__WHAT THE EXERCISE ASKS__: Restate the whole listing below word for word and keep the images out.

__THE DATA__:
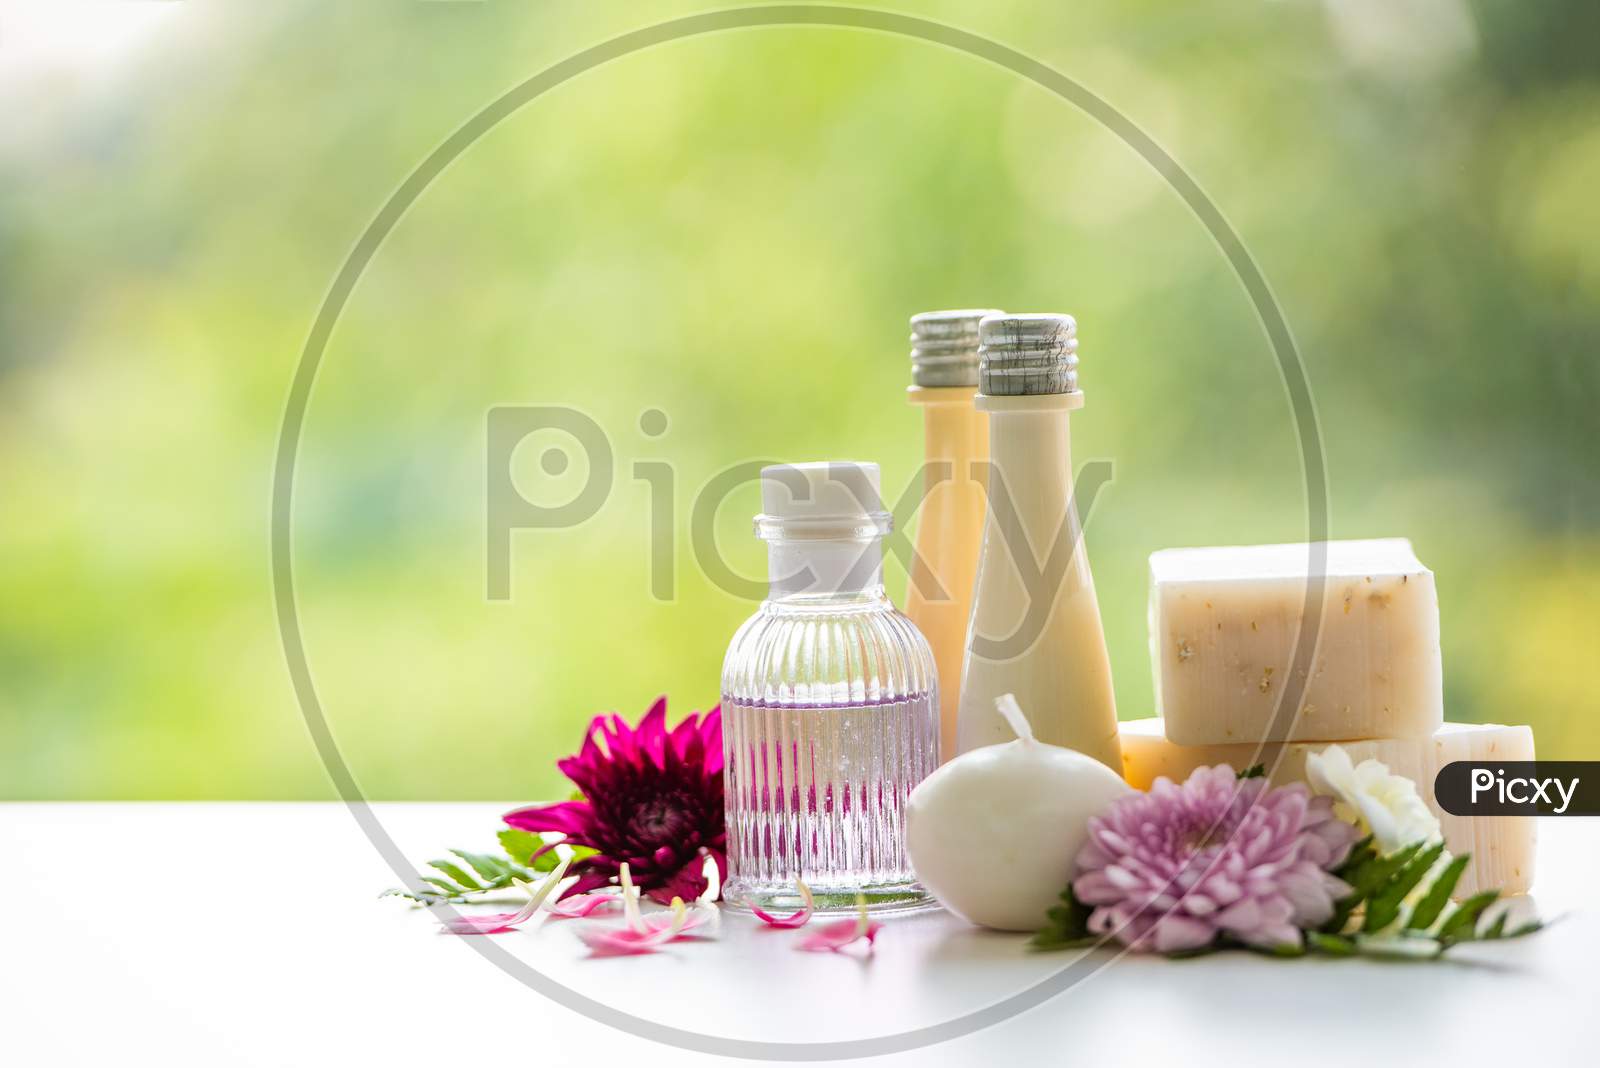 Floral Spa Treatments On White Wooden Table. Healthcare And Body Therapy Massage Relaxation Concept. Beauty And Healthy Theme. Pure Natural Extract And Medical Theme.
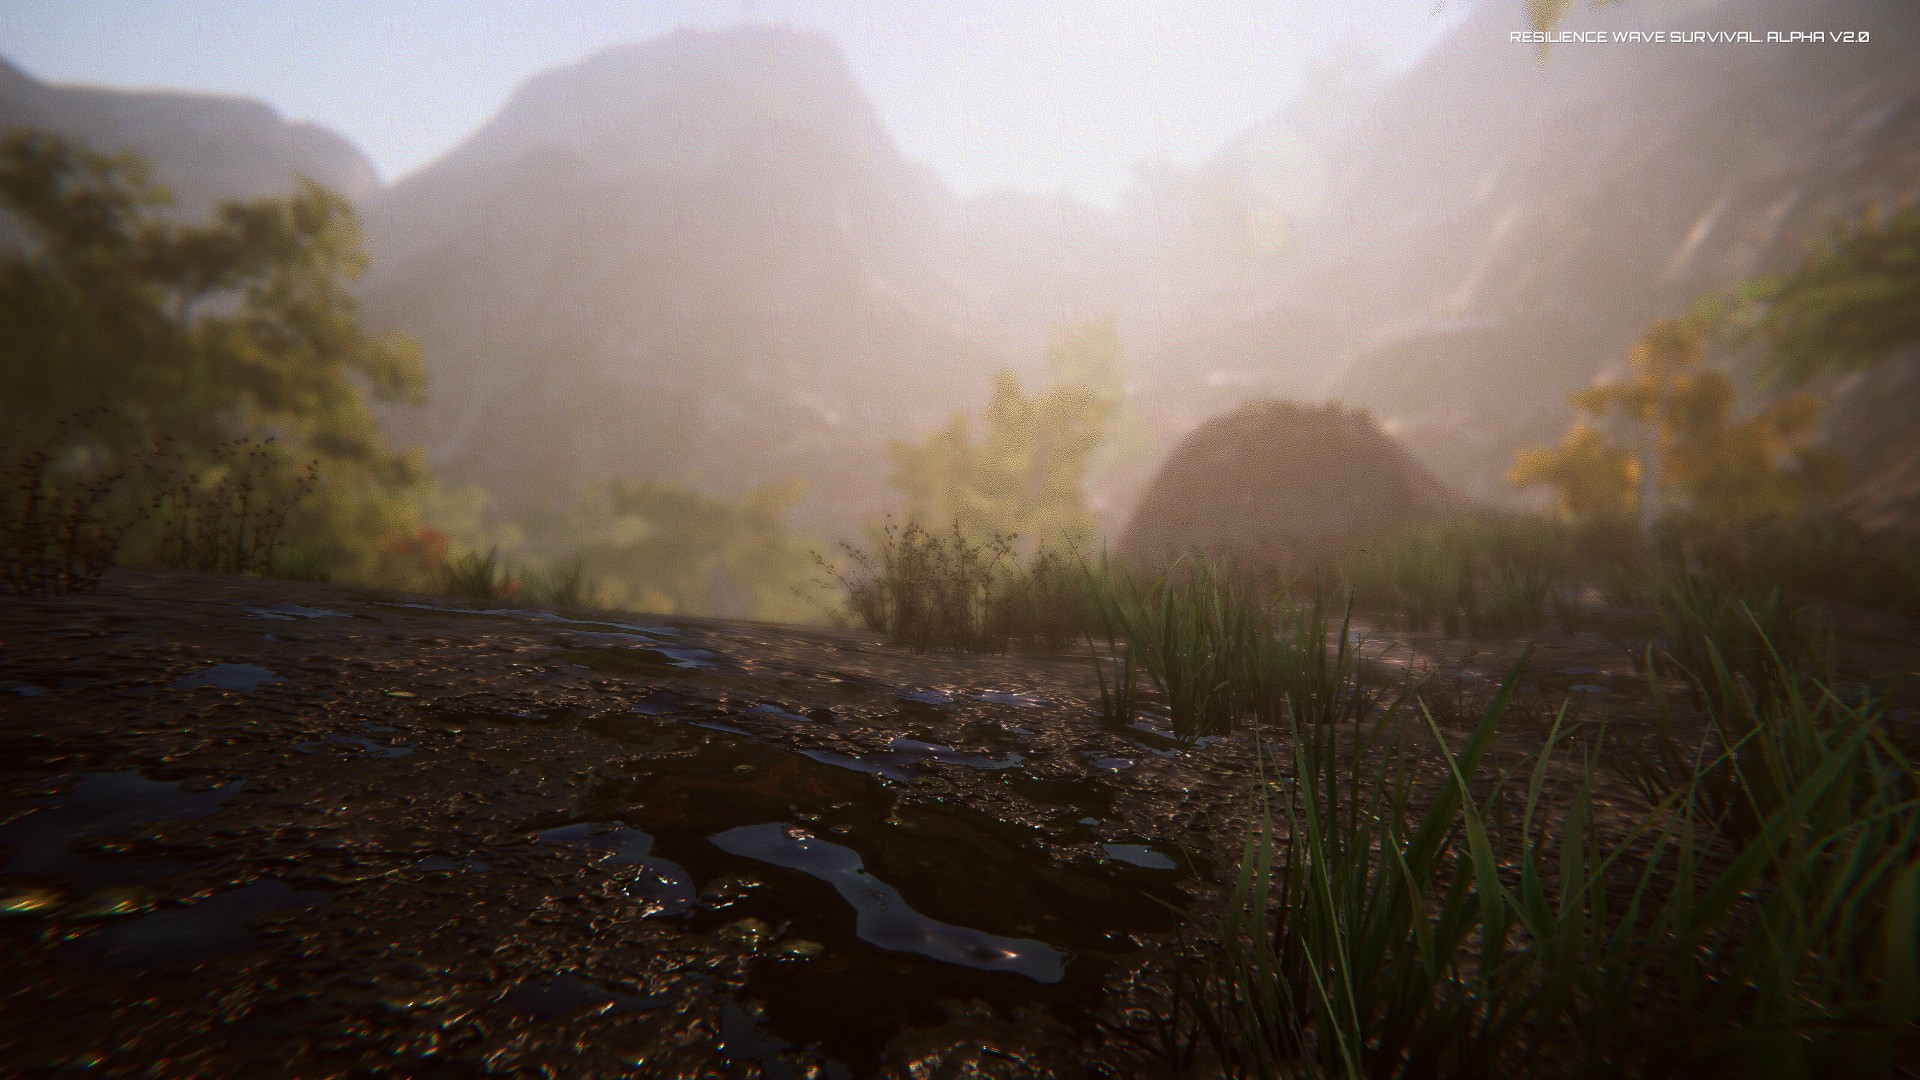 Resilience Wave Survival screenshot
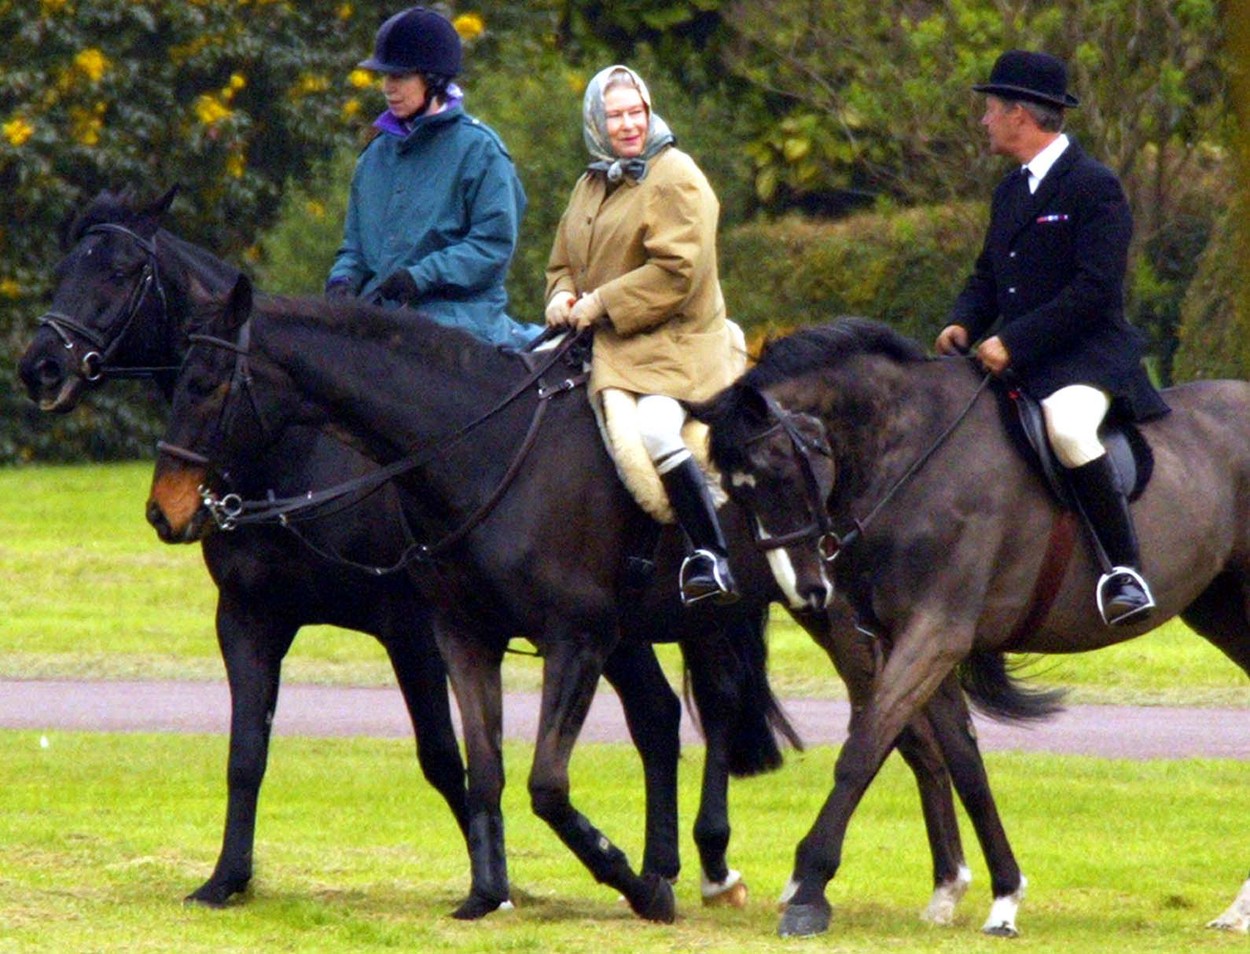 File photo dated 1/4/2002 of Queen Elizabeth II and her daughter, the Princess Royal, riding near Windsor Castle where members of the Royal family had gathered to mourn the death of Queen Elizabeth the Queen Mother, who died 30/3/02, aged 101. Horses, like dogs, were the Queen's lifelong love and she had an incredible knowledge of breeding and bloodlines. Whether it was racing thoroughbreds or ponies, she showed an unfailing interest. Issue date: Thursday September 8, 2022.,Image: 657658515, License: Rights-managed, Restrictions: File photo, Model Release: no

__EXERCISE ANSWER__:
 Floral Spa Treatments On White Wooden Table. Healthcare And Body Therapy Massage Relaxation Concept. Beauty And Healthy Theme. Pure Natural Extract And Medical Theme.
 Resilience Wave Survival screenshot
 File photo dated 1/4/2002 of Queen Elizabeth II and her daughter, the Princess Royal, riding near Windsor Castle where members of the Royal family had gathered to mourn the death of Queen Elizabeth the Queen Mother, who died 30/3/02, aged 101. Horses, like dogs, were the Queen's lifelong love and she had an incredible knowledge of breeding and bloodlines. Whether it was racing thoroughbreds or ponies, she showed an unfailing interest. Issue date: Thursday September 8, 2022.,Image: 657658515, License: Rights-managed, Restrictions: File photo, Model Release: no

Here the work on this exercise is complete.